For example I have the following action method that deelte a collection and then loop through a collection and delete the records:-
[HttpPost]
public ActionResult AssignPermisionLevel2(ICollection<SecurityroleTypePermision> list, int id)
{
repository.DeleteSecurityroleTypePermisions(id);
foreach (var c in list)
{
repository.InsertOrUpdateSecurityroleTypePermisions(c,User.Identity.Name);
}
repository.Save();
return RedirectToAction("AssignPermisionLevel", new { id = id });
}
Which will call the following repository method:-
public void DeleteSecurityroleTypePermisions(int securityroleID)
{
var r = tms.SecurityroleTypePermisions.Where(a => a.SecurityRoleID == securityroleID);
foreach (var c in r) {
tms.SecurityroleTypePermisions.Remove(c);
}
}
&
public void InsertOrUpdateSecurityroleTypePermisions(SecurityroleTypePermision role, string username)
{
var auditinfo = IntiateAdminAudit(tms.AuditActions.SingleOrDefault(a => a.Name.ToUpper() == "ASSIGN PERMISION").ID, tms.SecurityTaskTypes.SingleOrDefault(a => a.Name.ToUpper() == "SECURITY ROLE").ID, username, tms.SecurityRoles.SingleOrDefault(a=>a.SecurityRoleID == role.SecurityRoleID).Name, tms.PermisionLevels.SingleOrDefault(a=>a.ID== role.PermisionLevelID).Name + " --> " + tms.TechnologyTypes.SingleOrDefault(a=>a.AssetTypeID == role.AssetTypeID).Name);
tms.SecurityroleTypePermisions.Add(role);
InsertOrUpdateAdminAudit(auditinfo);
}
So let say two users access the same action method at the same time, so will their transactions conflict with each other? , or all the transaction actions (Deletion & Addition) will execute and then the other transaction will start?
UPDATE
Inside my Controller class i will initiate the repository as follow :-
[Authorize]
public class SecurityRoleController : Controller
{
Repository repository = new Repository();
my second question is . You mentioned that EF will mark the entities for deletion or for insetion, then the sql will execute indie the database. but what if one sql statement delete some entities and the other sql statement from the second transaction delete the other entities , could this conflict happen at the database level ? or once the first sql statement from the first transaction start execution, it will prevent other transactions from being executed ? can you advice ?
This entirely depends on how you implement your DbContext.
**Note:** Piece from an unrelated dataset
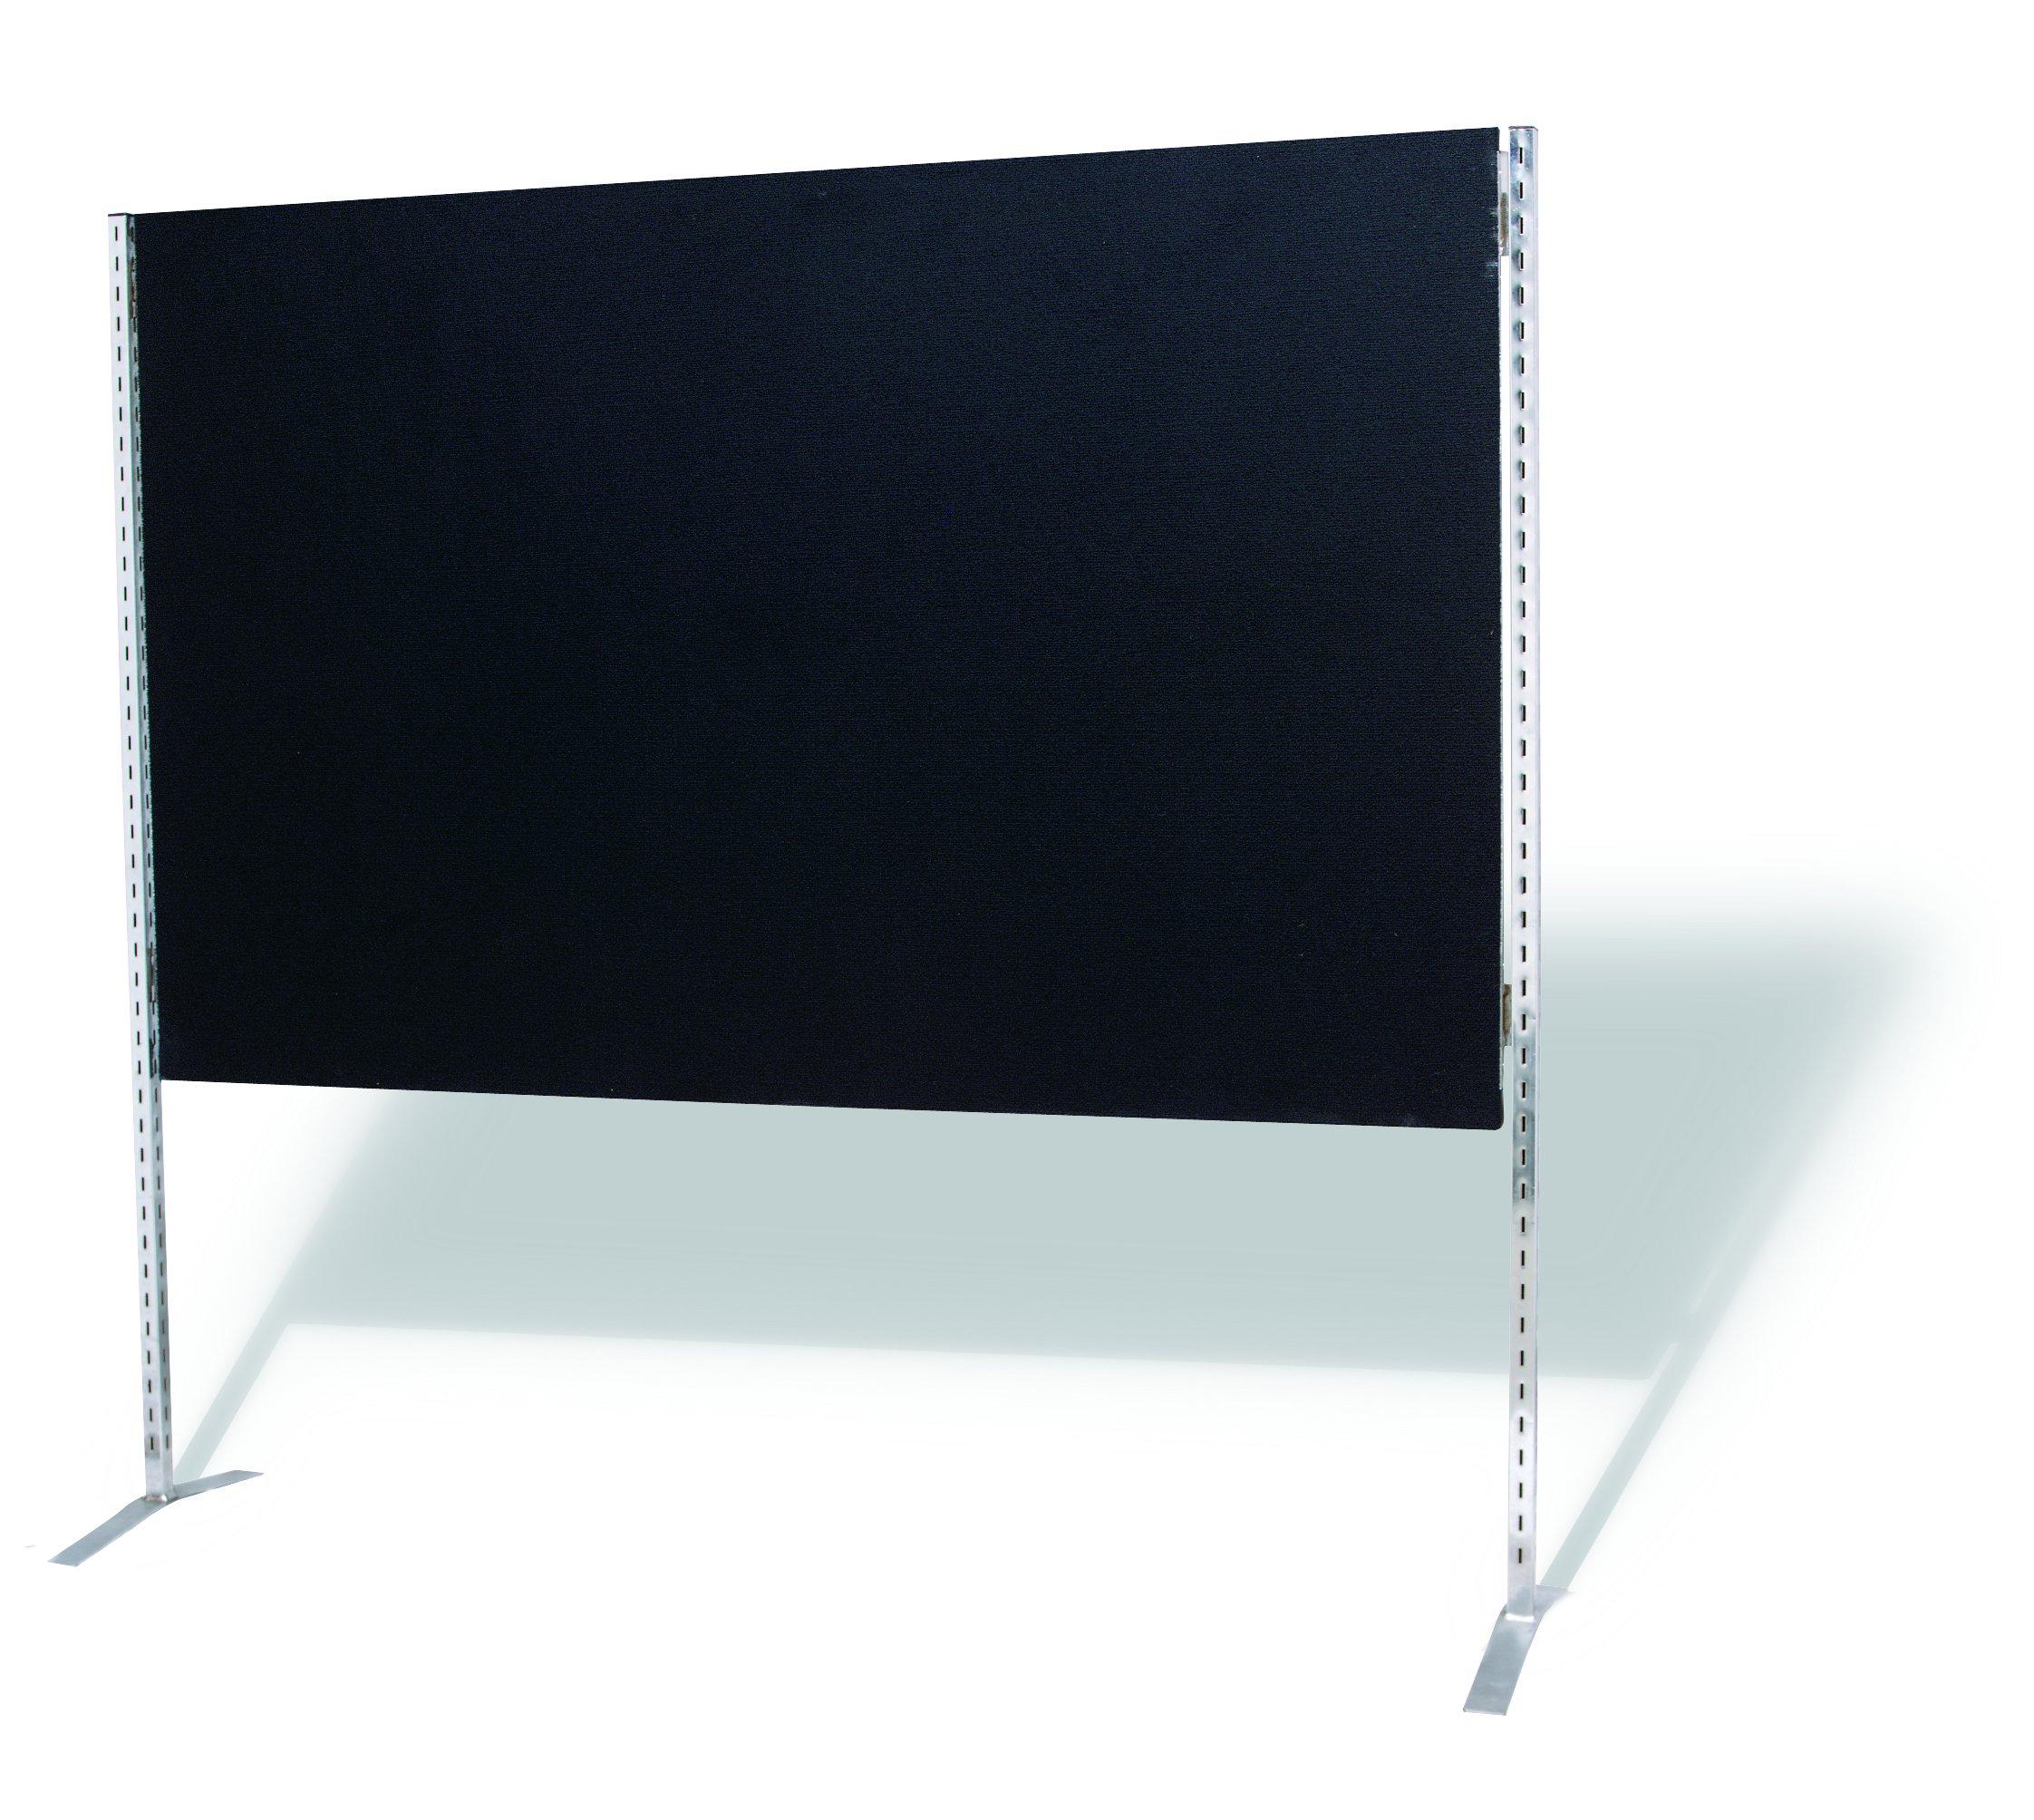 Display Screen Hori 1800L x 1200W

If your context is instantiated within a controller then each transaction will be contained within that context, i.e.
public class SomeController : Controller
{
var repository = new DbContext();
[HttpPost]
public ActionResult AssignPermisionLevel2(ICollection<SecurityroleTypePermision> list, int id)
{
repository.DeleteSecurityroleTypePermisions(id);
foreach (var c in list)
{
repository.InsertOrUpdateSecurityroleTypePermisions(c,User.Identity.Name);
}
repository.Save();
return RedirectToAction("AssignPermisionLevel", new { id = id });
}
}
Each request will create its own instance of the repository and the two will not conflict on an application level. When SaveChanges is called on a DbContext it is done in a single transaction, and as the repository object is created for each request.
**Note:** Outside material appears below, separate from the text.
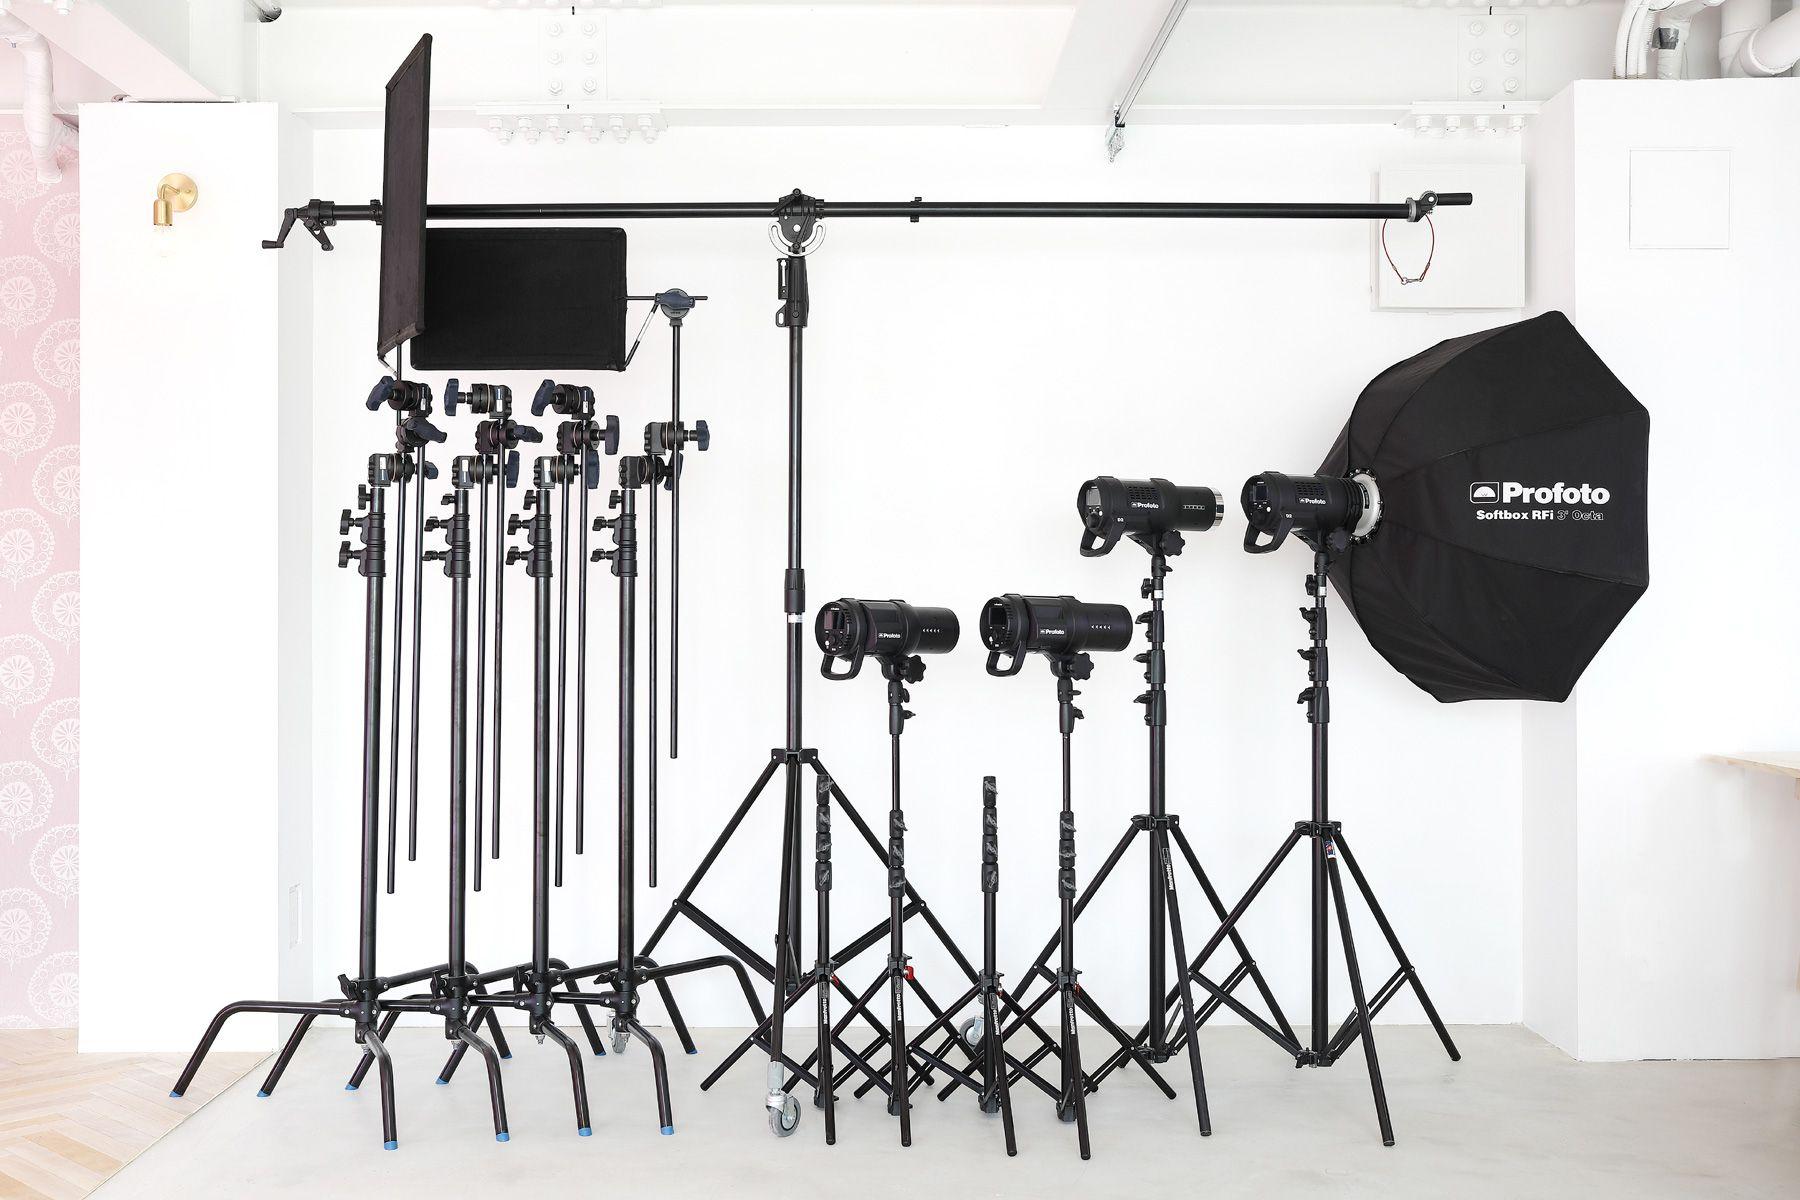 studio limll(スタジオ リムル)レンタル機材

Unfortunately Entity Framework does not delete as you expect, and will delete individual elements rather than the entire table. What is actually happening when you are removing the entities in the first step and adding them in the second is as follows:
Load Entities X,Y, and Z
Mark X,Y, and Z for deletion
Insert new rows A, B and C
Run SQL which deletes X, Y and Z, and inserts A, B and C
Now if two requests come in at the same time what could possibly happen is objects X,Y and Z are both loaded in step 1 by both request contexts. They are both marked for deletion and two sets of A, B and C are set to insert. When the first transaction executes it will be fine, however when the second transaction commits it will not be able to find X, Y and Z as they no longer exist.
You may be able to use a lock over the critical section so that the entities are not loaded before they are deleted by another request. The lock would have to be static so something such as:
public class SecurityRoleController : Controller
{
Repository repository = new Repository();
public static object REQUEST_LOCK = new object();
[HttpPost]
public ActionResult AssignPermisionLevel2(ICollection<SecurityroleTypePermision> list, int id)
{
lock(REQUEST_LOCK)
{
repository.DeleteSecurityroleTypePermisions(id);
foreach (var c in list)
{
repository.InsertOrUpdateSecurityroleTypePermisions(c,User.Identity.Name);
}
repository.Save();
}
return RedirectToAction("AssignPermisionLevel", new { id = id });
}
}
Update 2
There are two sides to your problem, the way SQL handles transactions and the way Entity Framework performs deletes. Without going into massive detail on threading you basically have to lock the action so that the same method cannot execute twice at exactly the same time. This will prevent the context from reading potentially stale/already deleted data.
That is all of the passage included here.